72 Legions bring the death metal back in force and patch jackets galore! There’s no time wasted as the band launch us right into the thick of it with eviscerating riffs and a vocal performance right out of 90s death metal. Amidst a plethora of bands with a unique edge to their sheen, 72 Legions offer the most traditional death metal onslaught yet this evening. Even as they slow down their performance at times, the intensity doesn’t wane, especially as frenetic light displays keep the scathing atmosphere their riffs and solos jut up too. After the bands this tour has thus thrown at us, it’s nice to get a band that brings things down to an expected frequency. We know of the madness to come, so in comes 72 Legions with their reliable yet ruthless stage presence. I really took a liking to these guys and their performance. My kind of band.

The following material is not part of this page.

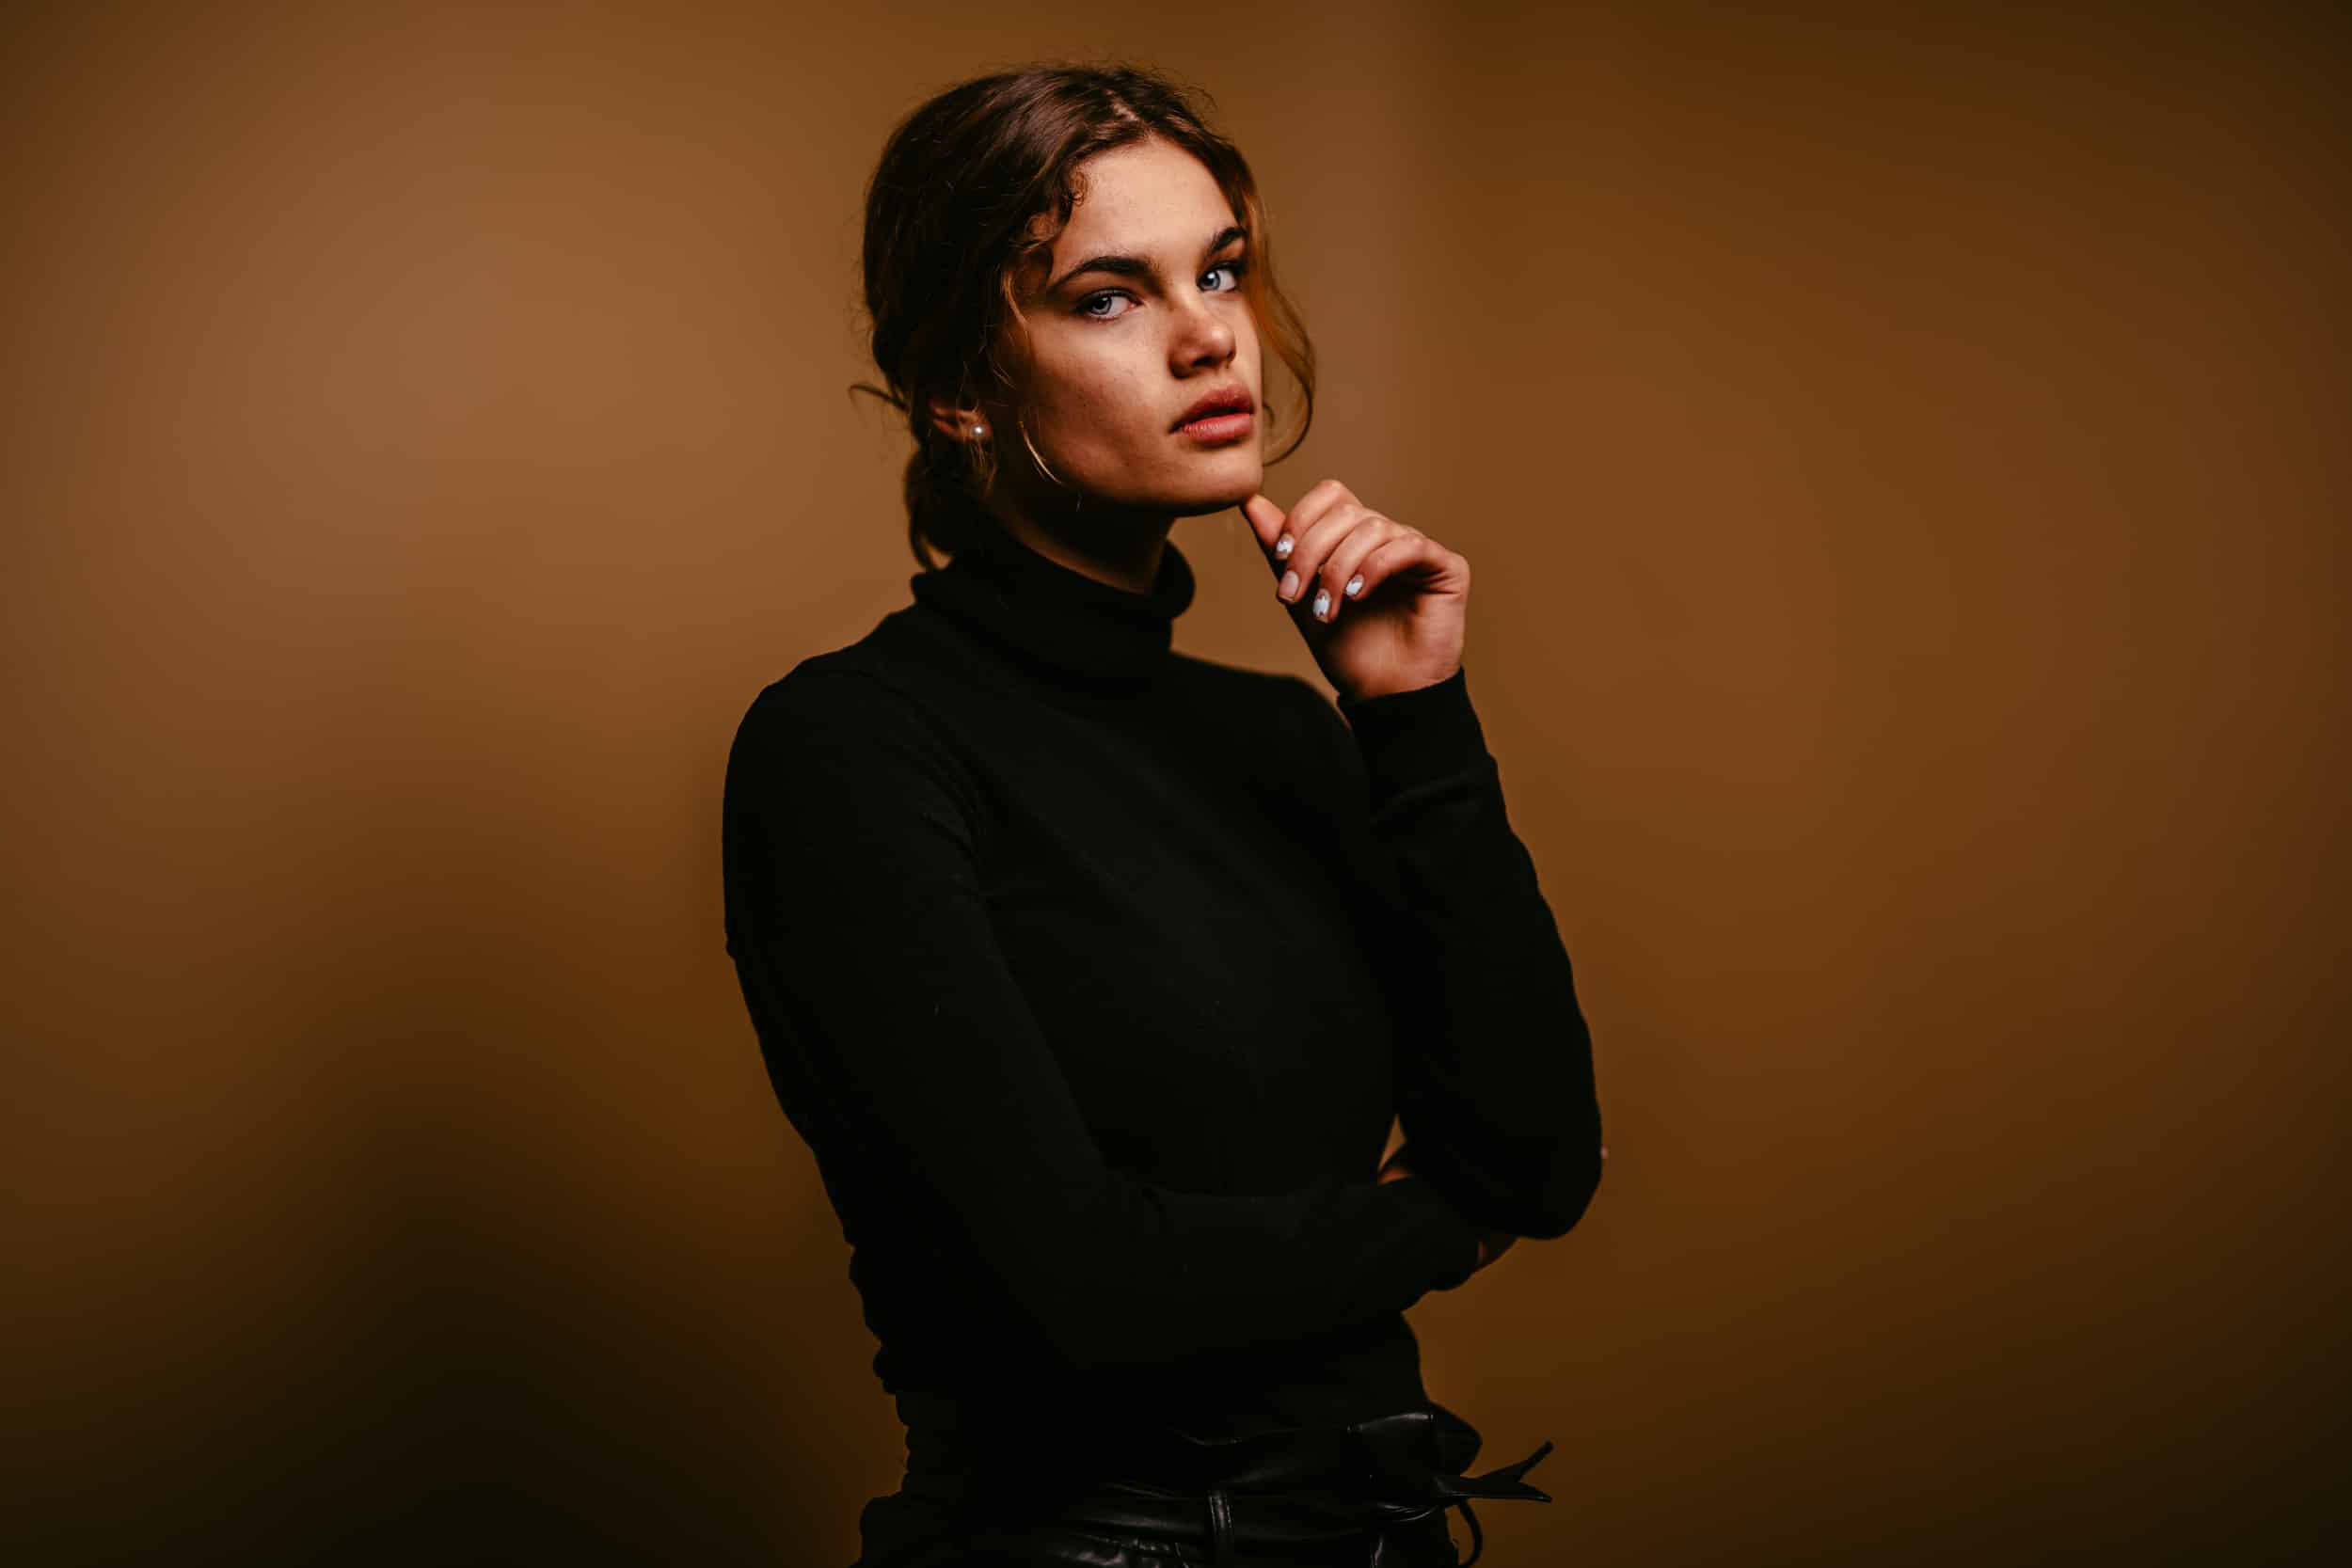 A young woman in a black turtleneck poses professional portrait photographer with her hand on her chin.

Photo Credit: Martin Hingley Photography
Photo Credit: Martin Hingley Photography

Almost Dead are amongst the last three bands of the evening and, thusly, there’s a heightened gravitas upon their taking the stage. The band’s unique thrash/hardcore is something aligned with this tour’s style yet is completely removed from every other act of the evening. There’s an additional symphonic edge to their sound too that permeates much of their set. Though their thrash attack is coarser and rougher to the touch than most thrash performances, Almost Dead bring the intensity with every turn their songwriting takes. I was speaking with their frontman regarding the new album beforehand and he promised they’d be playing many tracks off the new record; he was true to his word as I recalled tracks I’d heard when reviewing Destruction Is All We Know.

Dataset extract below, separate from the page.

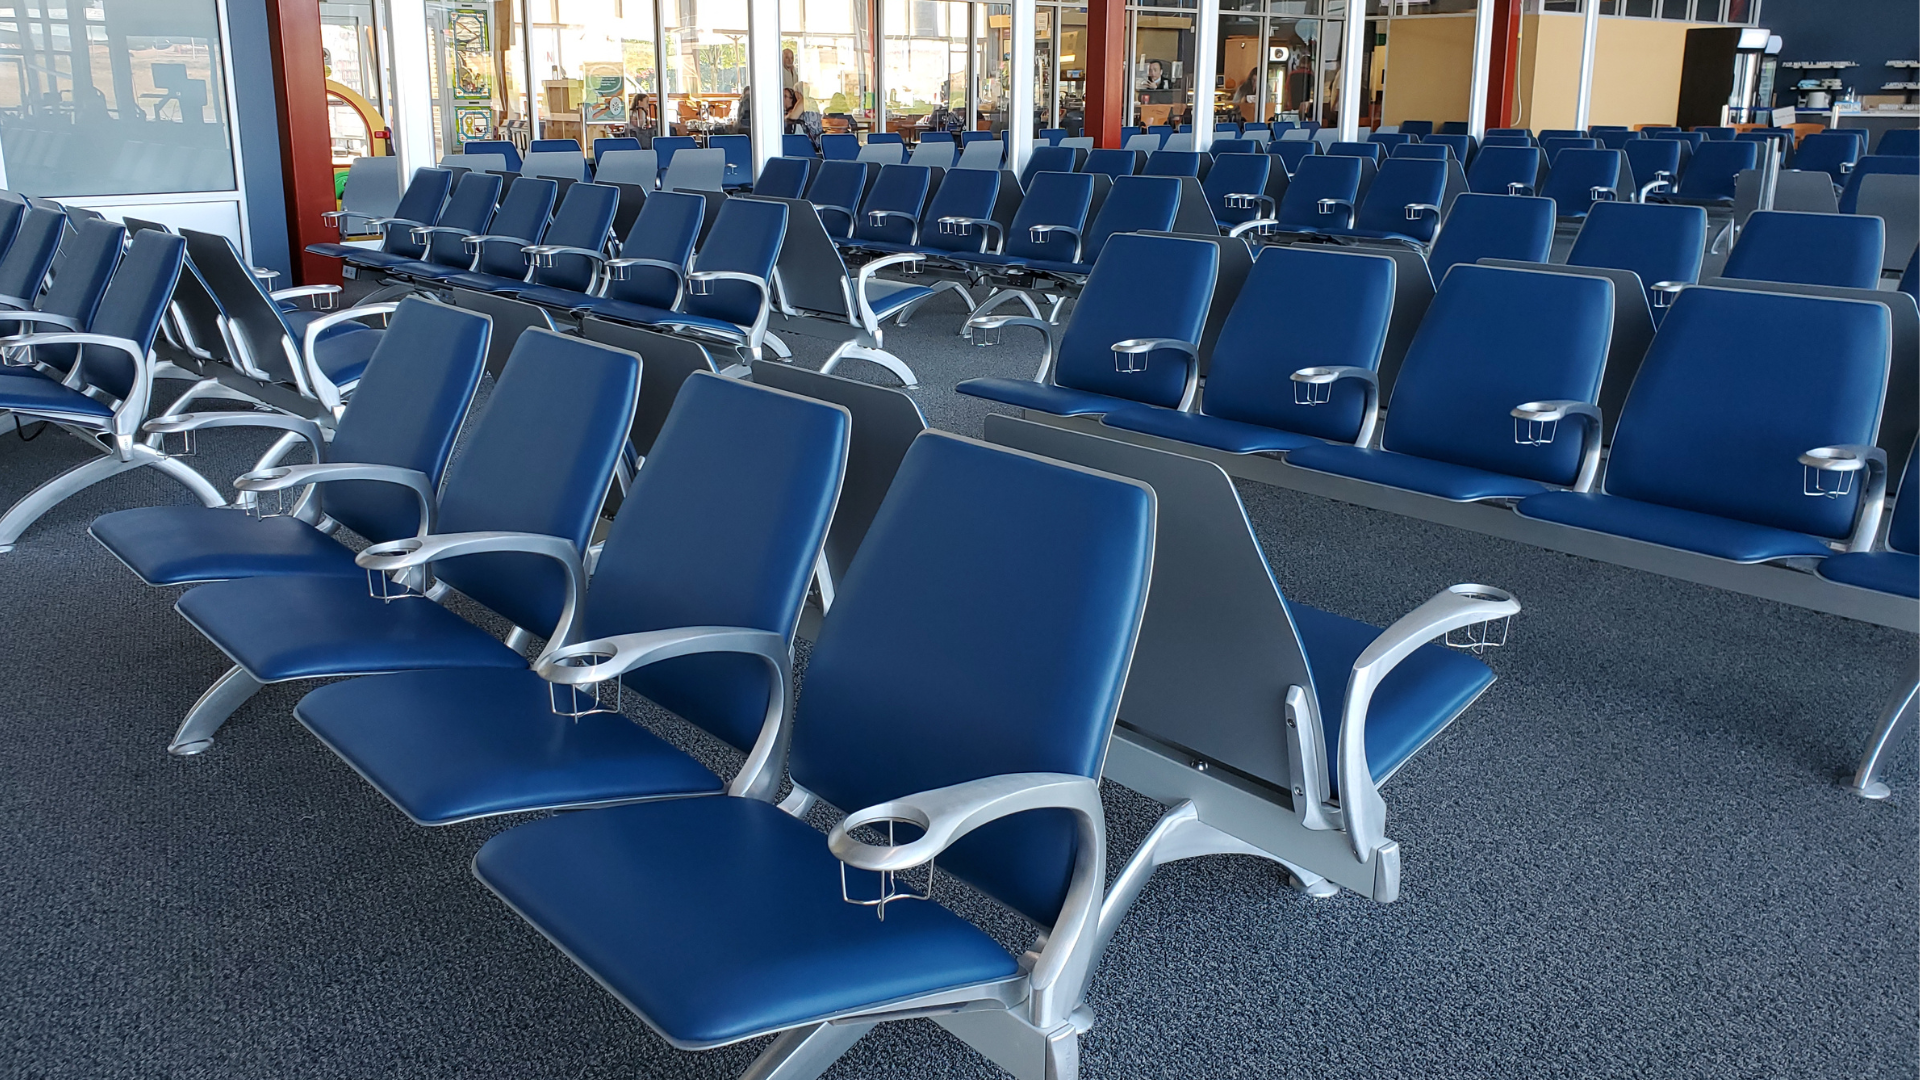 Image of Airport seating area filled with blue chairs.

Photo Credit: Martin Hingley Photography

Atheist. My most anticipated band of the evening by a country mile. It’s been years and years since they played the UK and given the outcomes of the last couple of shows, they’ve been absolutely ripping it up. And the night utterly exploded. Every support band has been great, but it’s when Atheist came to the stage you felt like a bomb had merely been ticking down; the band were utterly electric as they refuse to stay in any one place for long. That’s all the more impressive when you consider Atheist’s riffs and songwriting aren’t for the faint of heart; their music is devastating yet extremely complex and that notion is all the more reinforced when you see these guys play as fast as they do and yet the accuracy and discipline they have towards their craft is untouchable.

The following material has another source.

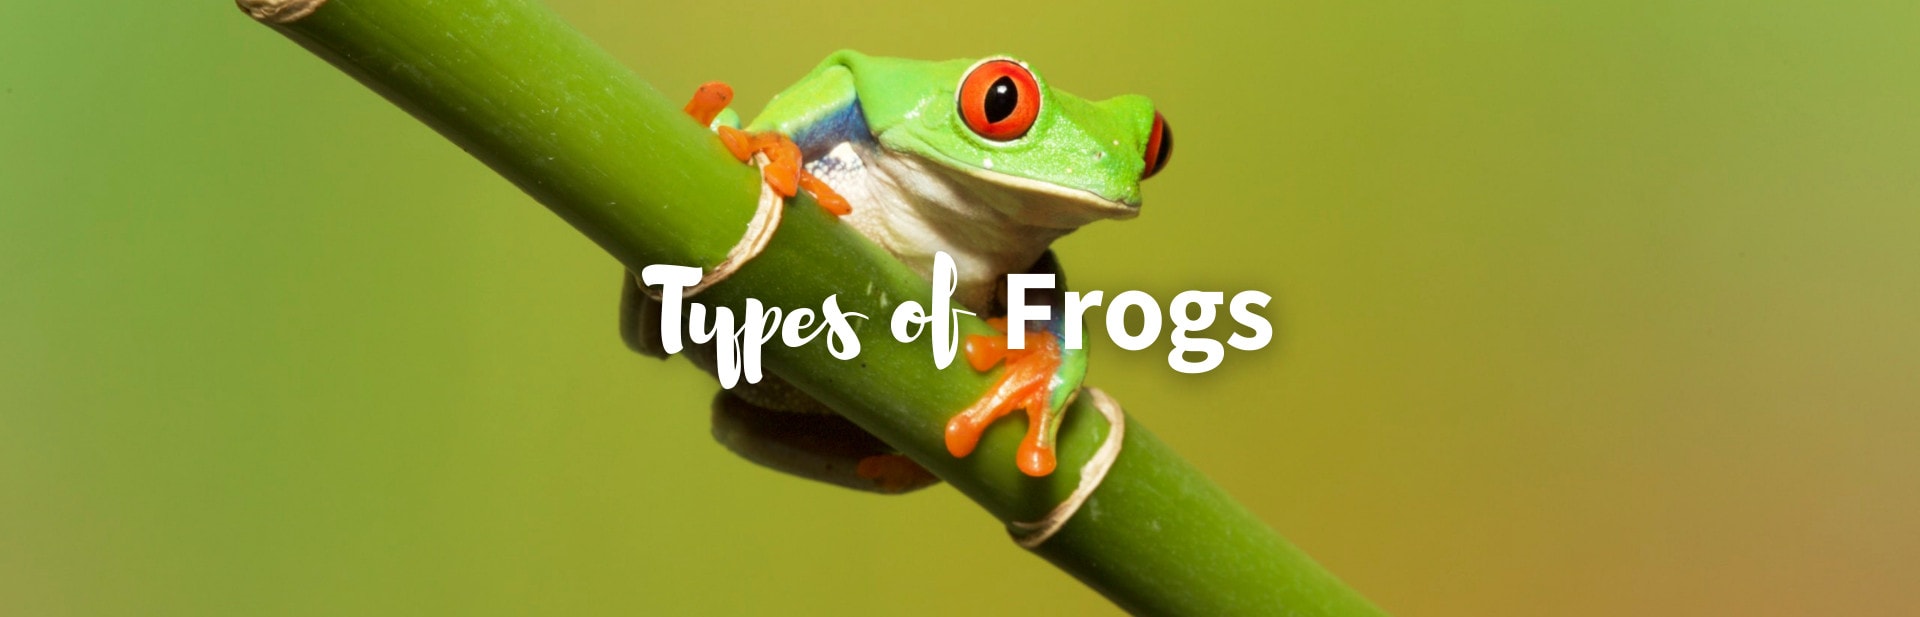 23 Amazing Types of Frogs From Around the World

I got to hear some of my favourite Atheist tracks back to back; 16 year old myself is crying inside to it. They played a full set equally across their first three records; they played fast pieces, steady pieces, weird pieces; respect must be given to them for playing even their more avant-garde material live when many bands of their ilk wouldn’t have chosen so. Atheist utterly commanded that stage. The pits were wild. I’d love to see them return to the UK again.

Photo Credit: Martin Hingley Photography

The final band of the night take the stage. On the heels of their most recent record, Cryptopsy are once more a band people are lining up to see. Bathed in a crimson hue, Cryptopsy, helmed by a vocally volatile frontman, hold nothing back as they hurl guttural vocals, blast beats and their signature riffs upon a crowd whom most have been here for the last six hours.

It must be said that these guys’ sound works beautifully with the acoustics The Hairy Dog possesses as, even towards the back, you can feel the band’s power just as much as if you were right towards the front. They demand circle pits and lo! There they appear. The drinks and crowd have flowed for hours and here they reach the apex. They make an impassioned plea for the crowd to go wild; this is truly the final show of the tour and they want a ballistic finale to cap it off with. Cryptopsy close off a night that has been utterly incredible and, frankly, I’d be open to more of these massive evenings. Pay a little extra and get a few additional bands. I got to see Atheist and many more alongside a couple of dear friends. What’s not to like?